# [Supplied data]
• • • • •

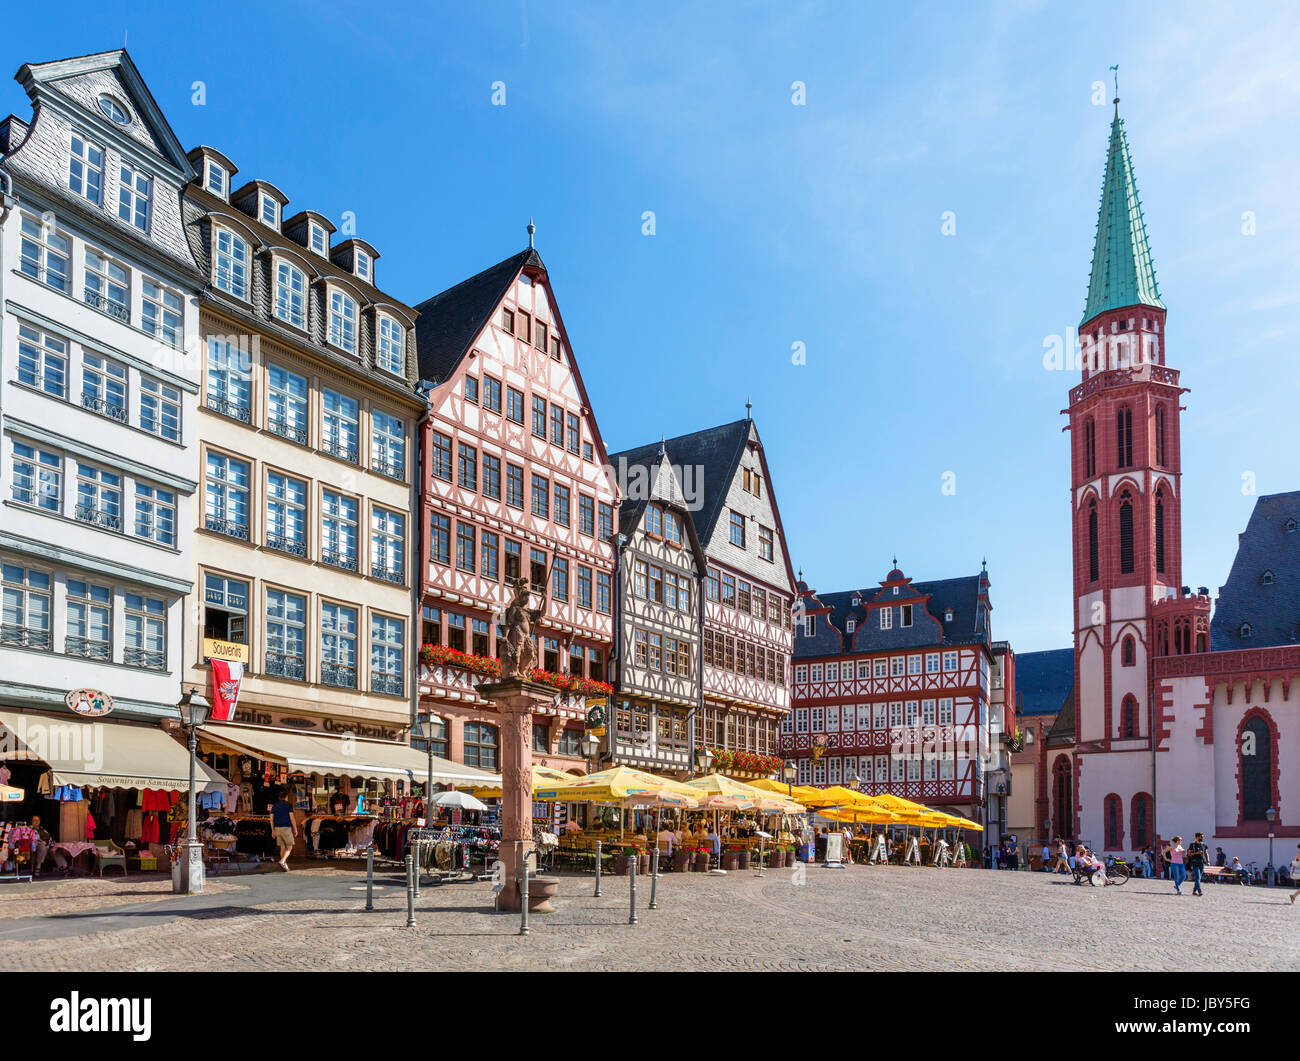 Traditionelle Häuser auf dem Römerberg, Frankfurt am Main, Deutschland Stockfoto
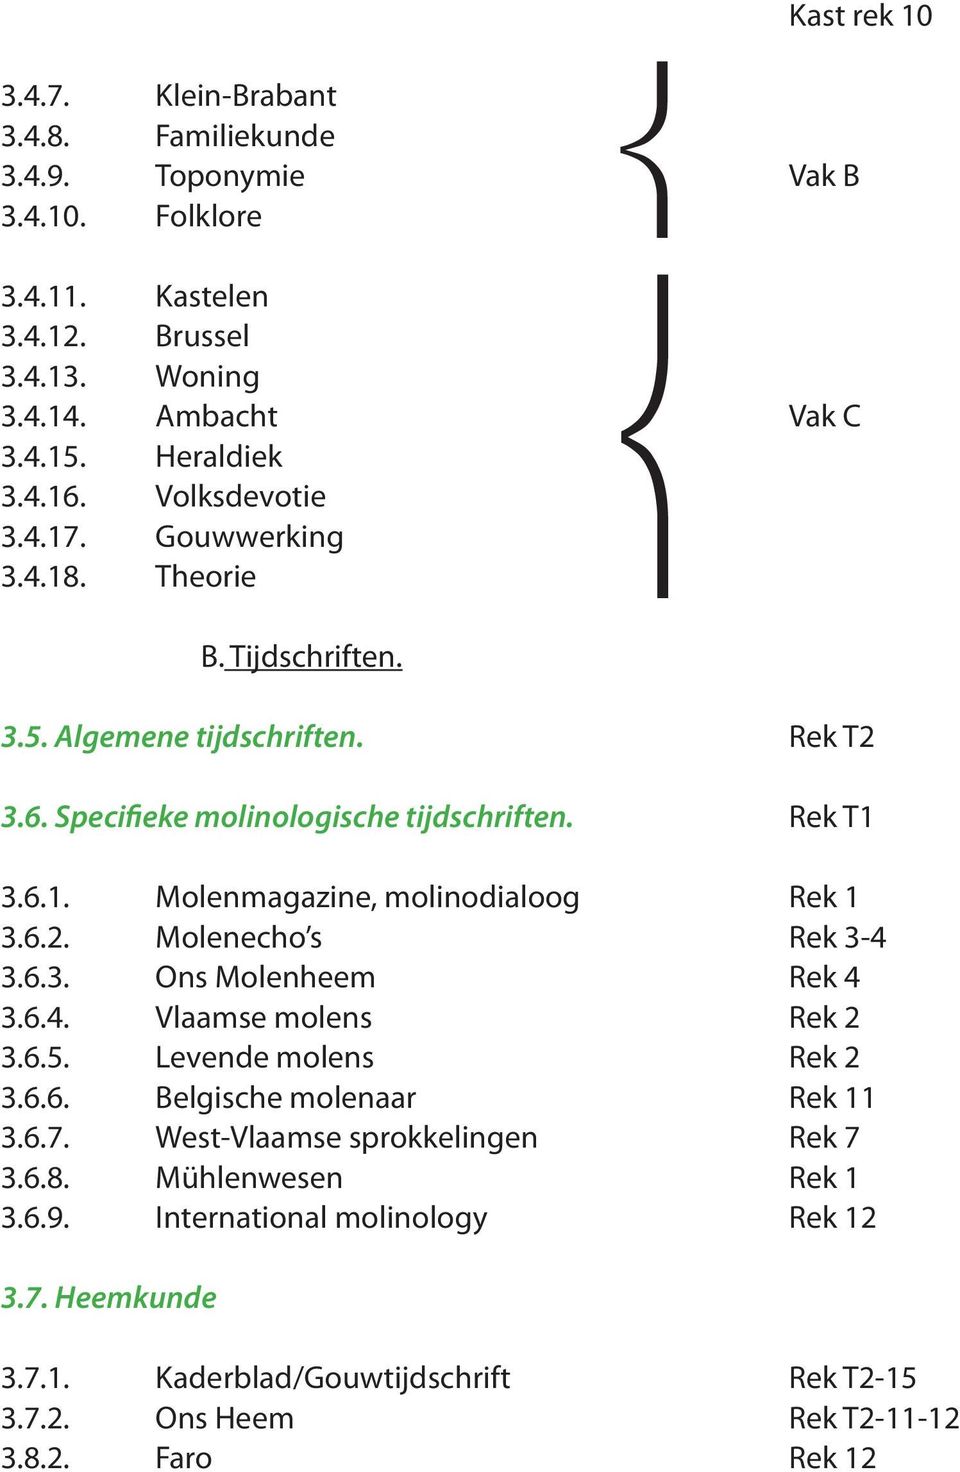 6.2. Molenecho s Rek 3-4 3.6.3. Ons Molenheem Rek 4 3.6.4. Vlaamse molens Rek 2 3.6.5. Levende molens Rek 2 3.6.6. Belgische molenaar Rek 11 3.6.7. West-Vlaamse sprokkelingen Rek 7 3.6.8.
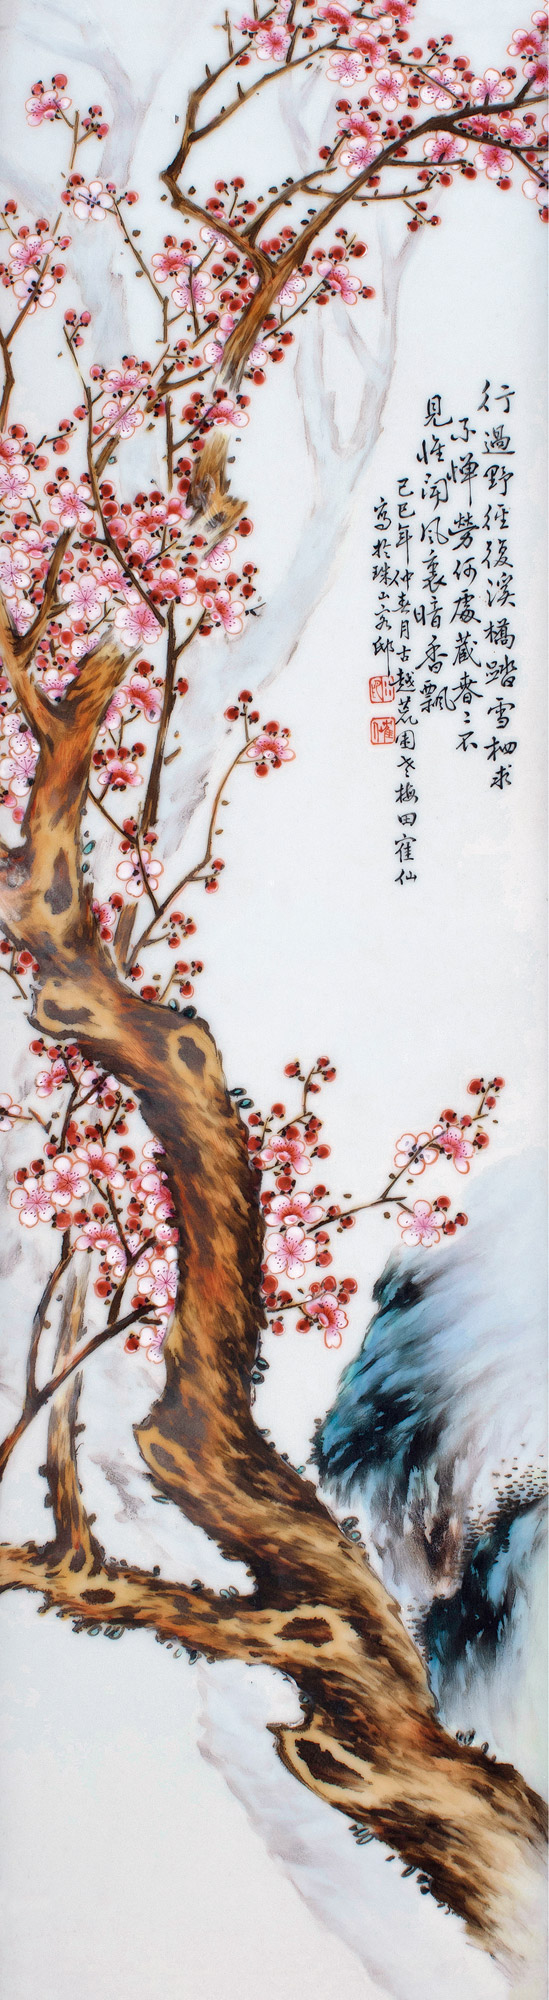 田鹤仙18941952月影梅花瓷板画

• • • • •

# [Task goal]
Write the listing out again in full and unchanged, minus any pictures.

# [Written reply]
 Traditionelle Häuser auf dem Römerberg, Frankfurt am Main, Deutschland Stockfoto
 6.2. Molenecho s Rek 3-4 3.6.3. Ons Molenheem Rek 4 3.6.4. Vlaamse molens Rek 2 3.6.5. Levende molens Rek 2 3.6.6. Belgische molenaar Rek 11 3.6.7. West-Vlaamse sprokkelingen Rek 7 3.6.8.
 田鹤仙18941952月影梅花瓷板画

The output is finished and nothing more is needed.